Risk Can Be a Good Thing

Project leaders take risks. If the risks are too conservative, the project may fail in the marketplace, if too high, a product might not make it to market. Developing and maintaining a balanced project risk portfolio is as important to your projects as it is to your personal investments.

Don’t Drive Risk to Zero

The highest risk in a project is the day you embrace the idea. At that time there is not enough information to accurately access the risk. Energy and optimism can carry the project through this phase, but risk management should start early to identify and control project risks.

Some talk about wanting to drive the risk to zero. That’s the wrong idea. For a product to be great, for it to beat competition, you need to take risks. The bad part of sitting on a market winner is that there will be resistance to taking the risks required to move that company into the future. The competition will take the needed risks since they have less to lose. If the current market-leading company doesn’t take the risks, eventually one of the underdogs will take the risks and win the market. The leader not taking the needed risks builds real risk for the business’s leadership position.

Link: Requirements Risks

Real versus Apparent Risk

Apparent risk is the risk seen and acknowledged by the project team. Apparent risk is what the team can act on. Real risk is the factual risk in the project, regardless of it being seen or acknowledged. The risk management process closes the gap between the real and apparent risks and manages the risks as a portfolio.

A project team that has low apparent risk and isn't aware of their high real risk is usually in that position because they haven't made enough effort to find the risks by spending time with stakeholders, talking to customers and studying competitors.

A project with a well managed risk portfolio has talked about risks with the stakeholders, decided that the risks are appropriate to the company and project (not to little, not too much), put a review process in place, and is committed to risk management as a worthwhile activity.

Link: Talking about risk

When The Riskiest Is The Safest

While it is risky to have a product line that is not successful, the biggest hidden risks often come from a successful product line.

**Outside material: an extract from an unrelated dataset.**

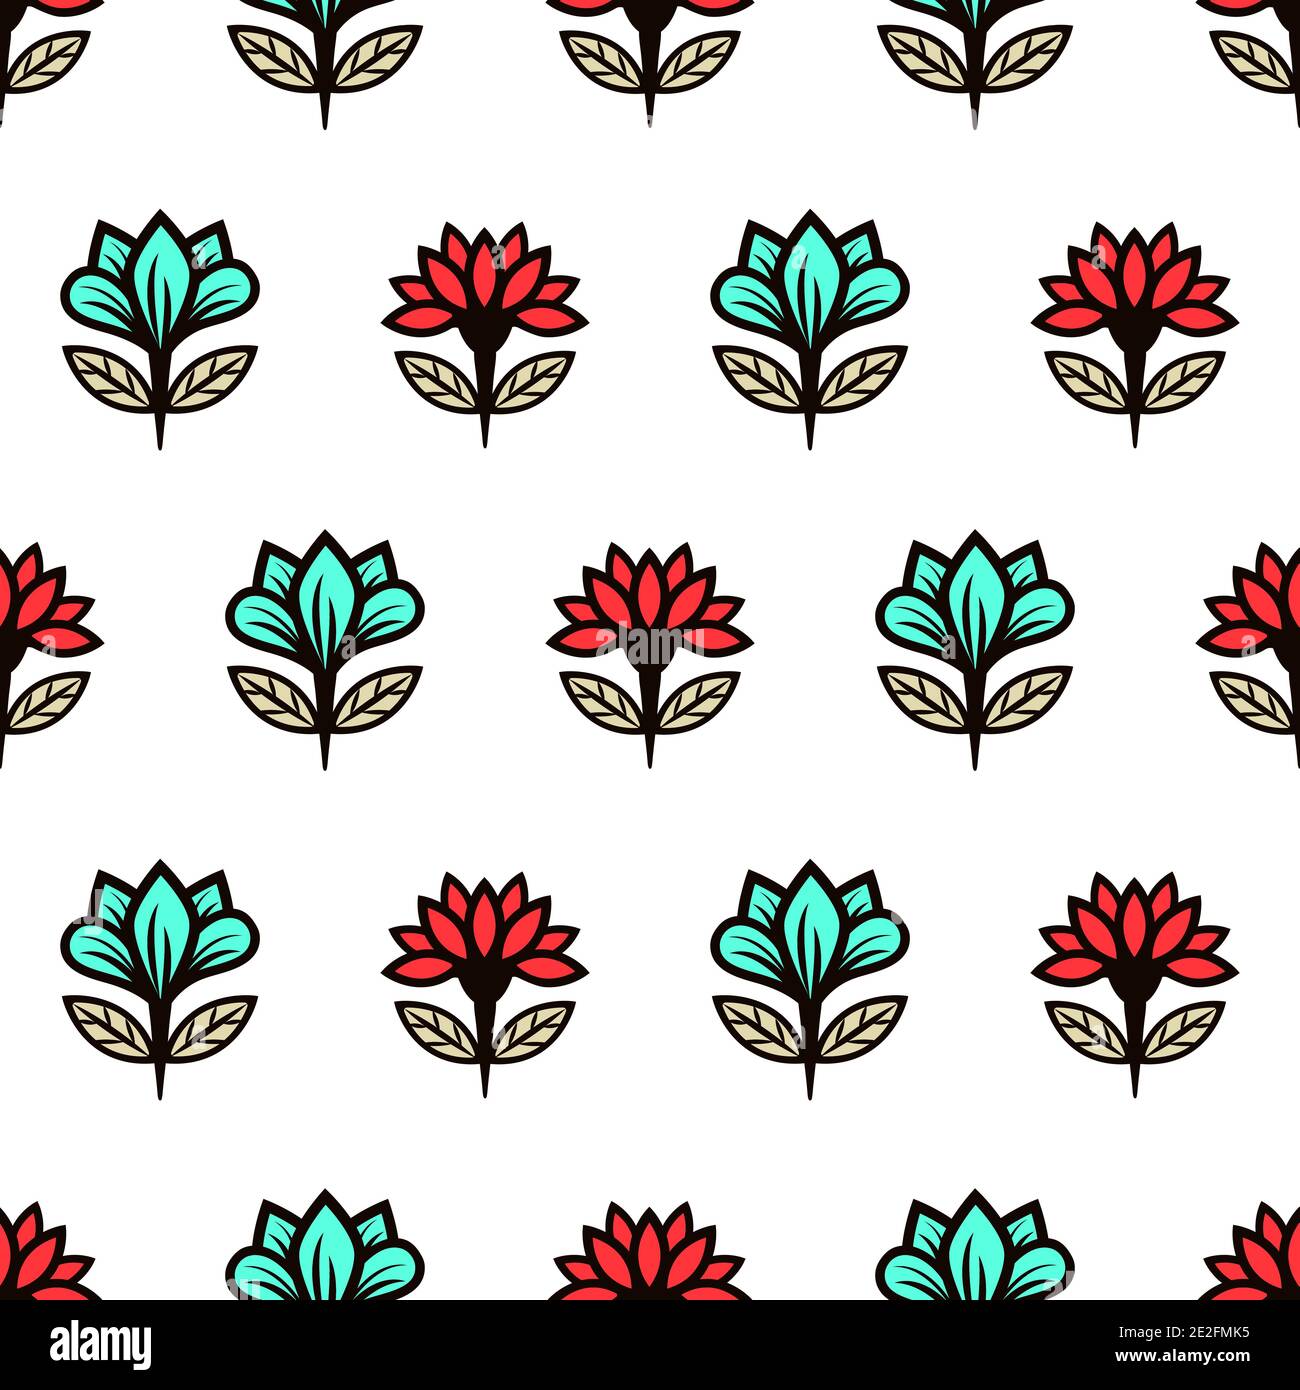 Florale Nahtloses Muster, stilvolle bunte blühende Hintergrund. Niedliche rote und türkisfarbene Knospen auf schwarzen Stielen mit grünen Blättern auf weißem Hintergrund. Für fabelhaft Stock Vektor

There are often risk-averse leaders in middle or upper management, especially in larger companies. Those leaders won’t take the risk of building follow-on to a successful product line and can put the business at risk as competitors always attack a successful product. Not actively pursuing the new winning product is often the riskiest thing a successful company can do. The team that just wants to make incremental improvements to the current success will drain the resources that are needed to fund the next big winner.

Since I live four miles from Foxboro stadium, I have to talk about the last minutes of the Super Bowl. The New England Patriots were backed up against the Rams goal line with under two minutes to go and the score tied. The announcer wanted the Pats to play it safe and wait for overtime, but the Pats pressed on for a spectacular win of the World Championship. What was the bigger risk, pressing the current offensive position or waiting to play in overtime? These are complicated decisions. Leaders and teams assess the risks, make the decisions, and press their advantage.